In the Air – The Handsome Family (2000)
I was eleven years late to the party on this album, and it’s by far the album that I’ve spent the least time with on this list. But I listened to it straight for days this past fall, and it’s felt old and familiar and necessary ever since: “In the air, someday I will live in the air.”
The Size of Planets – Haley Bonar (2002)
I’ve been listening to this album since in came out, and I’m certain I’ll never, ever, tire of it. If there are angels, they will sound like Haley Bonar. Also, I do believe she plays the very guitar being given away – bonus!
Our Endless Numbered Days – Iron and Wine (2004)
While significantly more stripped down than more recent Iron and Wine albums, this one has layers that have kept me listening and interested for years. This album is just beautiful.
A Blessing and a Curse – Drive-by Truckers (2006)
I love the honesty of all the Truckers’ songwriters, from formations past to present. As the album title suggests, this recording shows one of my all-time favorite bands grappling with a tension between good and bad that colors so many lives at one time or another, but which might sound like whining or naval gazing in the hands of less-skilled songwriters than DBT.
The Revolution Starts…Now – Steve Earle (2007)
Listening to Steve Earle’s music from the past decade or so is like witnessing a moral pilgrimage.

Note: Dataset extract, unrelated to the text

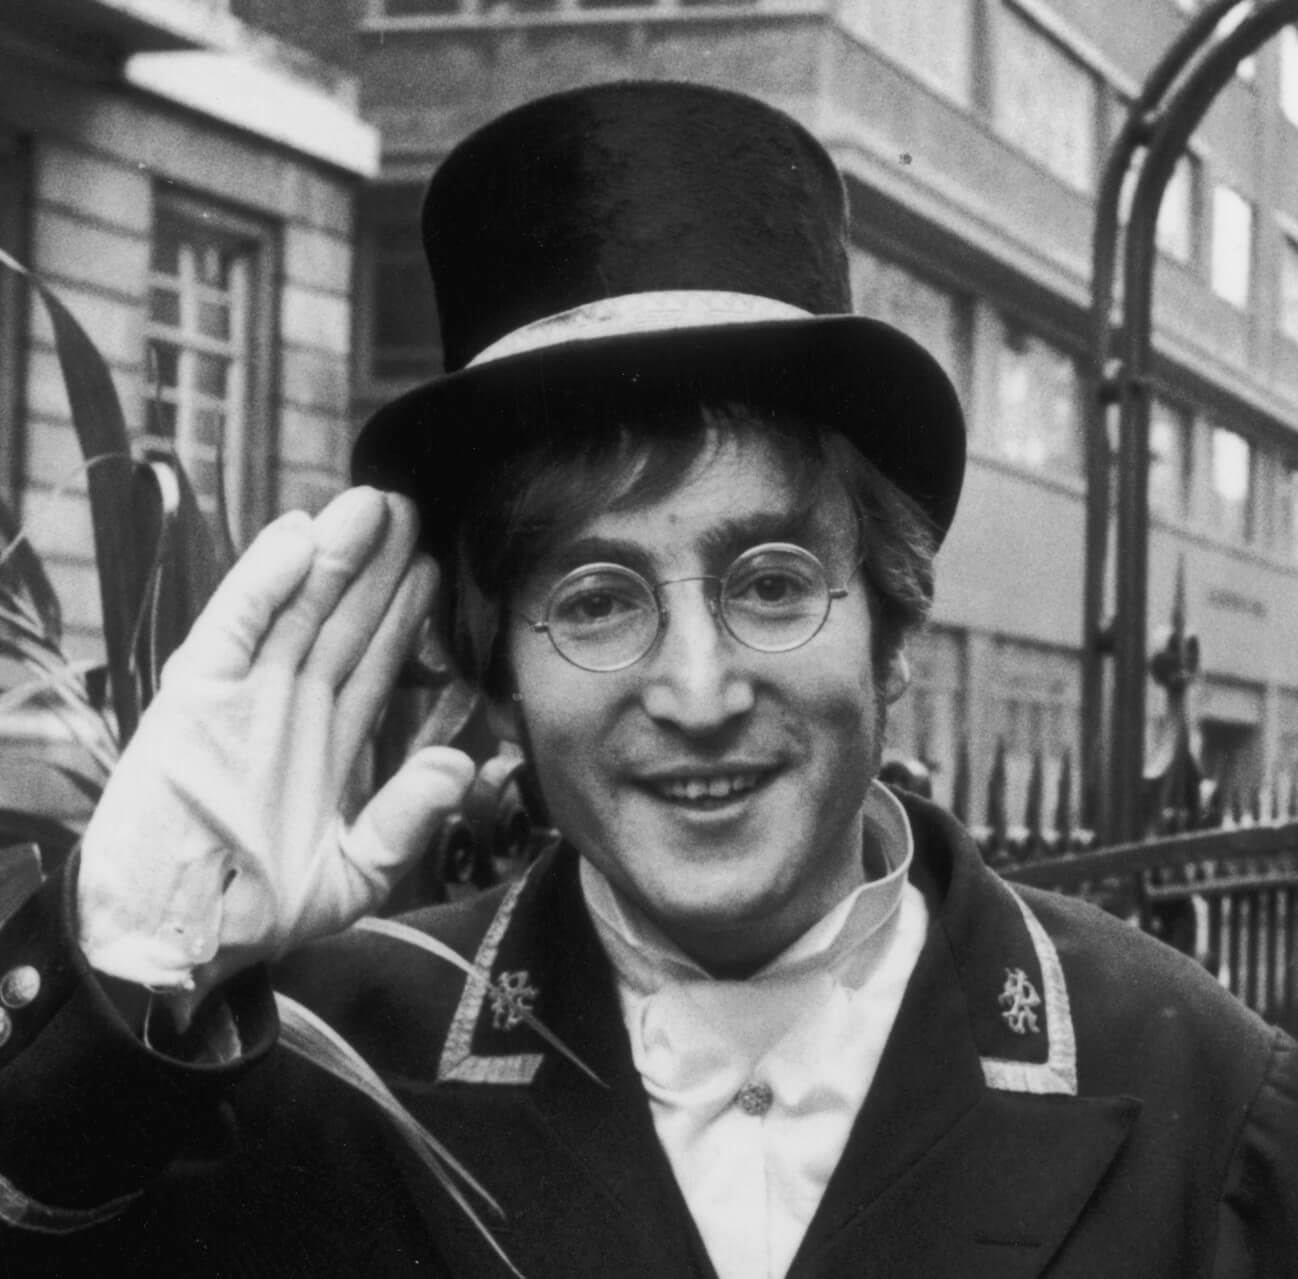 The Beatles' John Lennon saluting

Expanding from strict observations of the world as it is, this album captures the seeker’s vision of a different way the world could be: “all our hopes had come to be, and the people gathered. And they all brought what they could, and nobody went out.” A deathbed top ten needs a moral voice, and a prophecy or two; Earle’s my pick for the job.
We Were Dead Before the Ship Even Sank – Modest Mouse (2007)

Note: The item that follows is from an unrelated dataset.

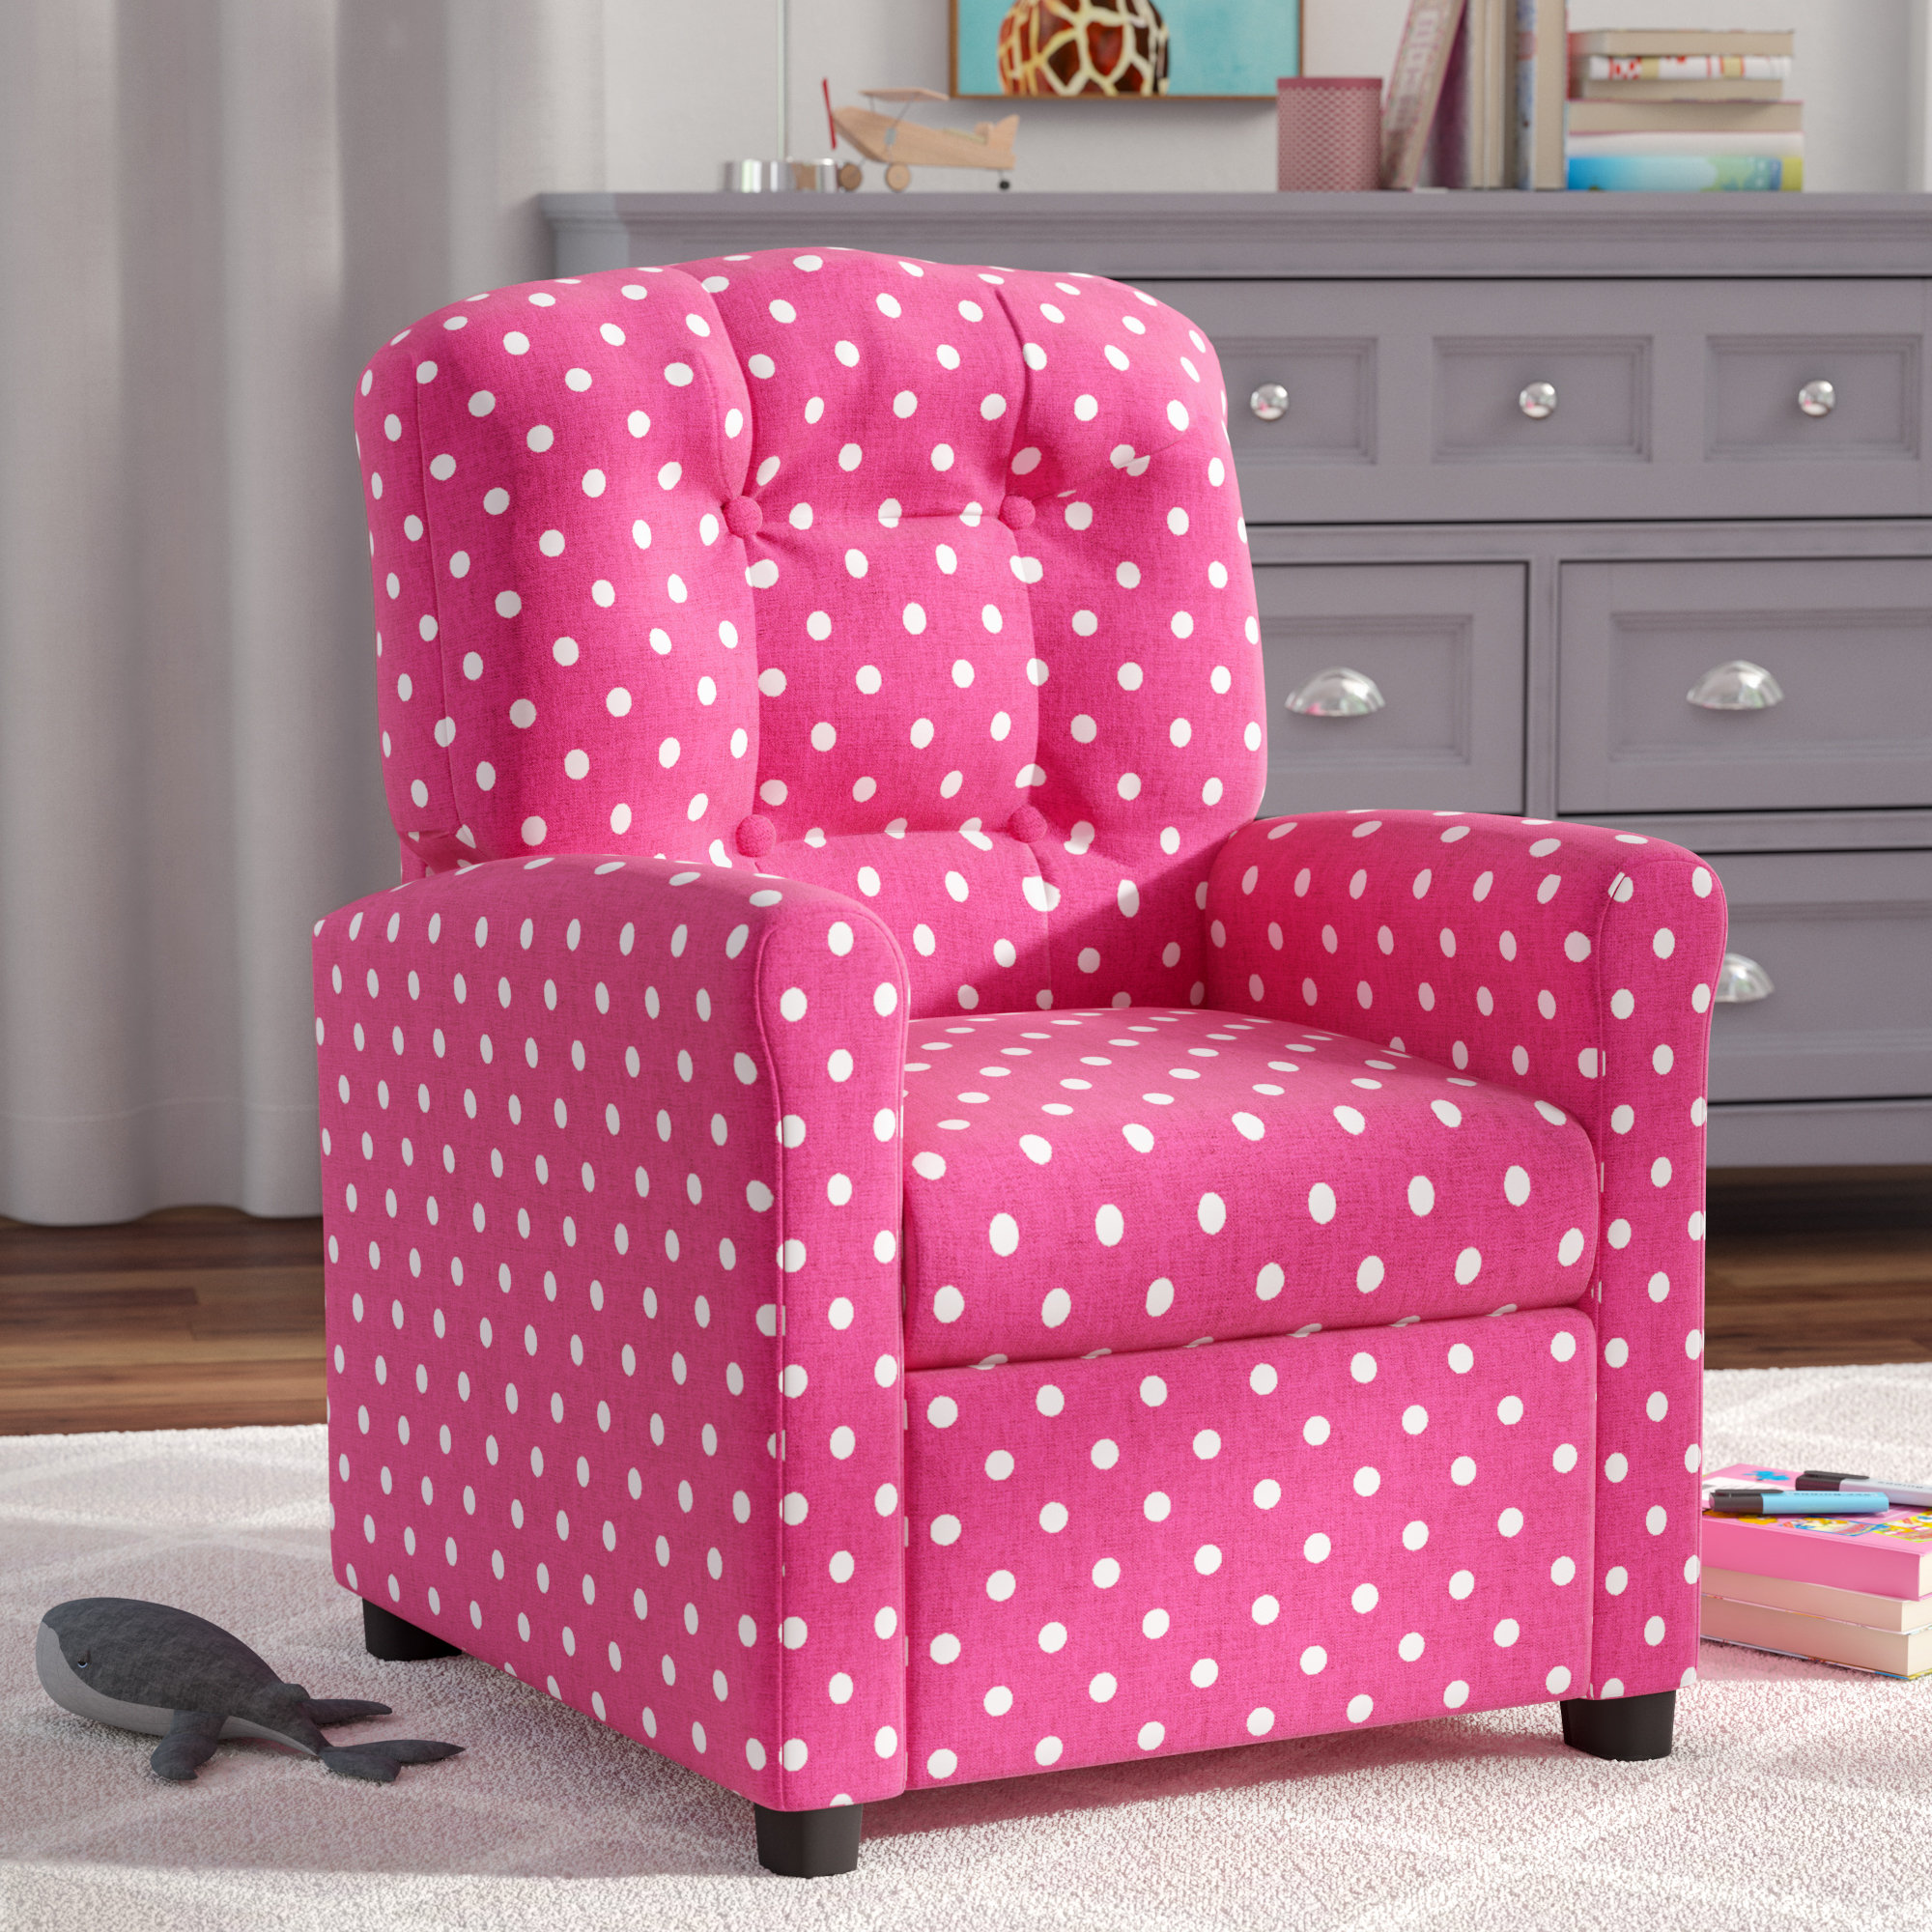 mini recliner chair

I struggled with which Modest Mouse album to include, because there had to be one. My first instinct was the Lonesome Crowded West – for sheer awesomeness and out of a sense of loyalty to their earlier sound. But, the truth is I love the carnival-rock sound of their most recent full-length in a different but equally great way. Brock’s naturalist’s take on an ancient metaphor (“ashes to ashes, dust to dust”) in Parting of the Sensory (“someday you will die somehow and something’s gonna steal your carbon”) demanded inclusion on this list.
The Life of the World to Come – The Mountain Goats (2009)

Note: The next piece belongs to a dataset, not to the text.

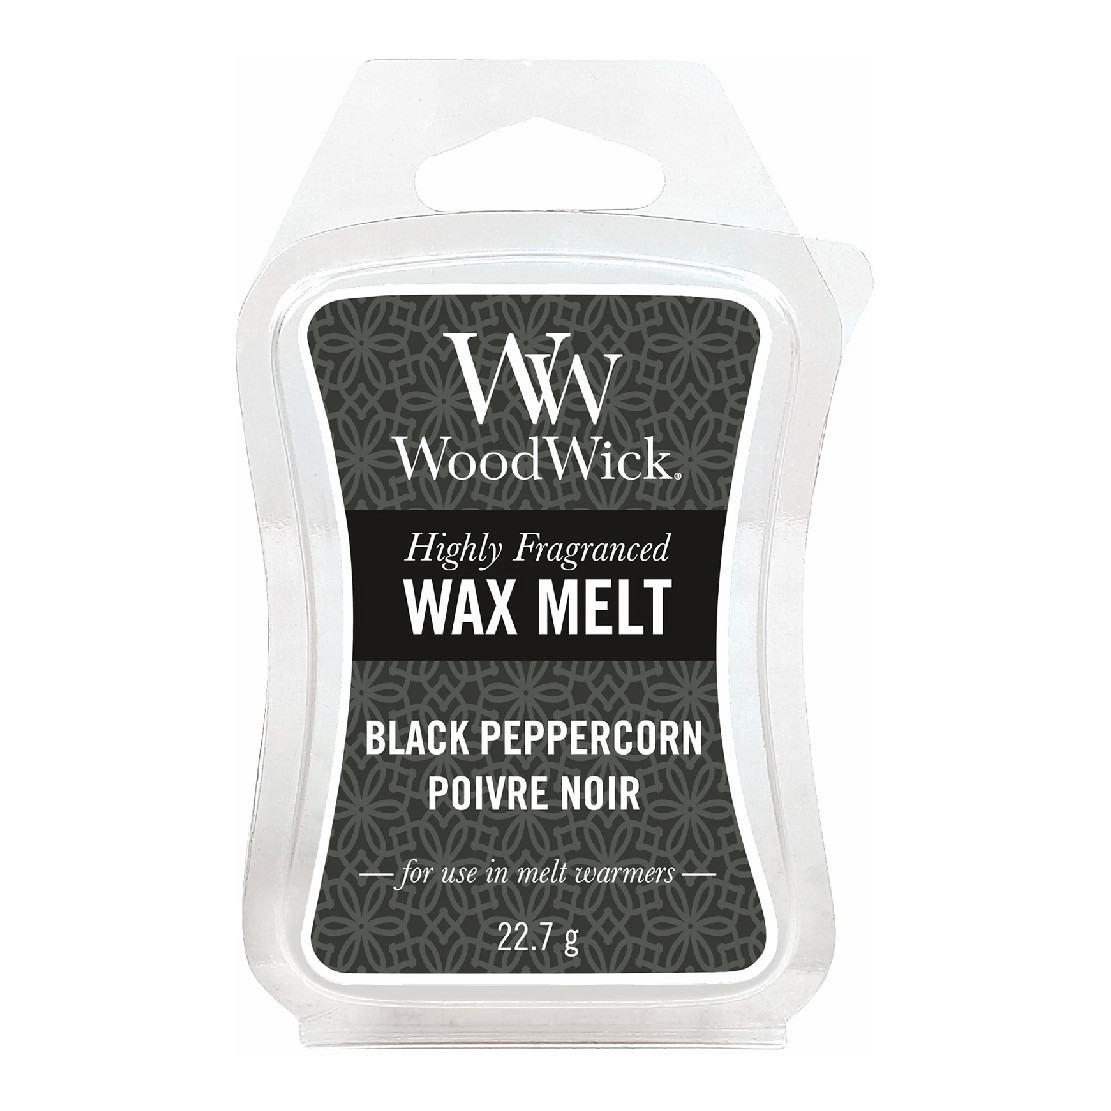 Woodwick Black Peppercorn Wax Melt

The top 20 albums I couldn’t live or die without would probably include about ten Mountain Goats albums. But, contest parameters being what they are, I had to pick the cast of characters in The Life of the World to Come for final company, because they all seem to have an eye toward the afterlife. Their sense of impending doom may make them all a bit paranoid, but it also lends weight to their lives and somehow, like so many of Darnielle’s stories, leaves me feeling inexplicably thankful and hopeful.